Far_Composer_5714@reddit
Generally what I see is Gemini will shotgun it. It takes multiple simultaneous paths trying to increase the breadth of the response in normal use.
So while LLMs may not ask for a clarification it's not unexpected that they would take potential multiple paths to explore.
a_beautiful_rhind@reddit
It's an updated "how does a person with no arms wash their hands".
Bit of a "trick" but the LLM should deduce these things at some point. Obviously not smarter and faster than you when it makes these mistakes.
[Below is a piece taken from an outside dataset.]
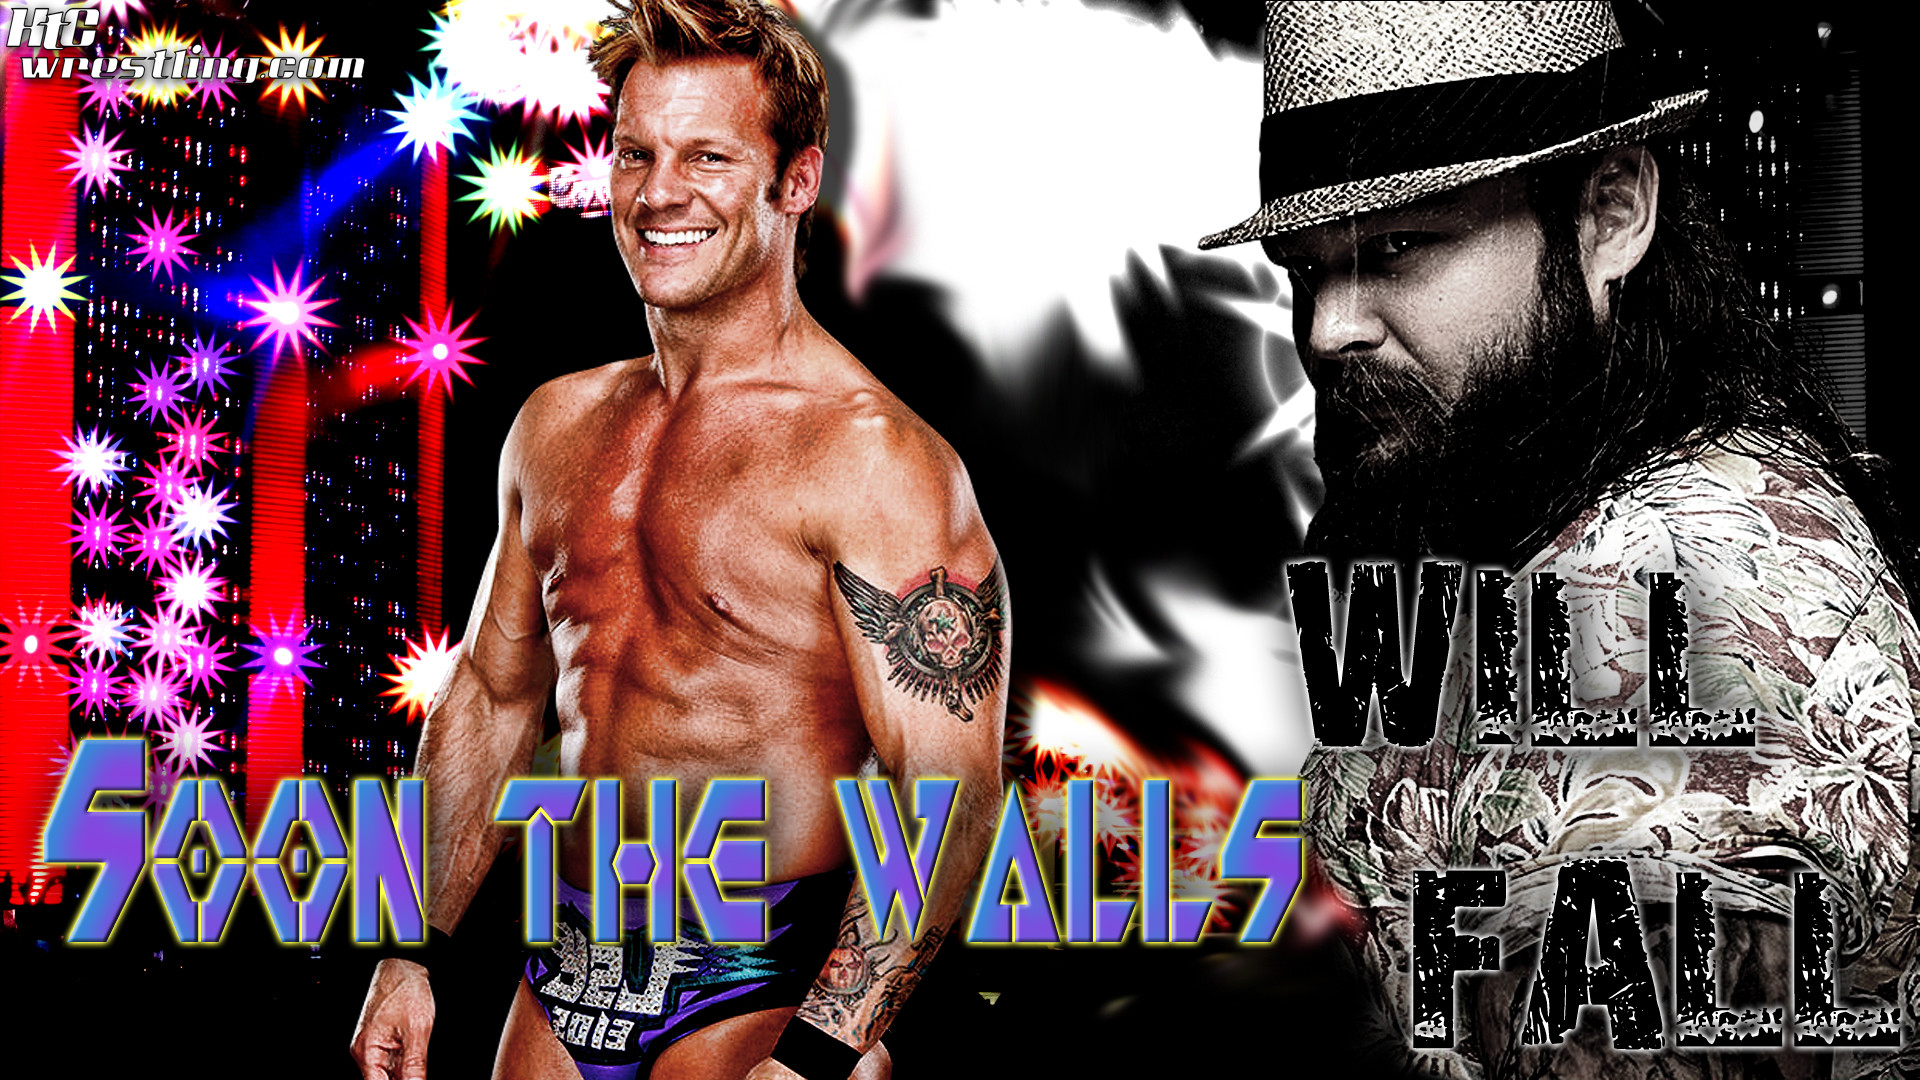 1920x1080 Wallpaper Of The Week: Chris Jericho vs Bray Wyatt – The Walls Will Fall

And they WILL bite you later despite your purported prompting skills.
singalen@reddit
It’s MUCH fewer variables than in the context of typical engineering task.
Alternative_You3585@reddit
A good LLM shall handle all the questions: "Where is the car? Where are you? Is that the car you want to wash? Or do you just want to walk over there?" You mentioned, indirectly, we want the LLM to understand us, humans sadly don't express themselves directly.
Same for code: you give an abstract task which you want to be executed vs you give a detailed pseudocode
EbbNorth7735@reddit
I agree, it should be, I need to wash my car at a car wash. The car wash is 1km away. Should I walk or drive to the car wash. The question should give intent on what the intended purpose is.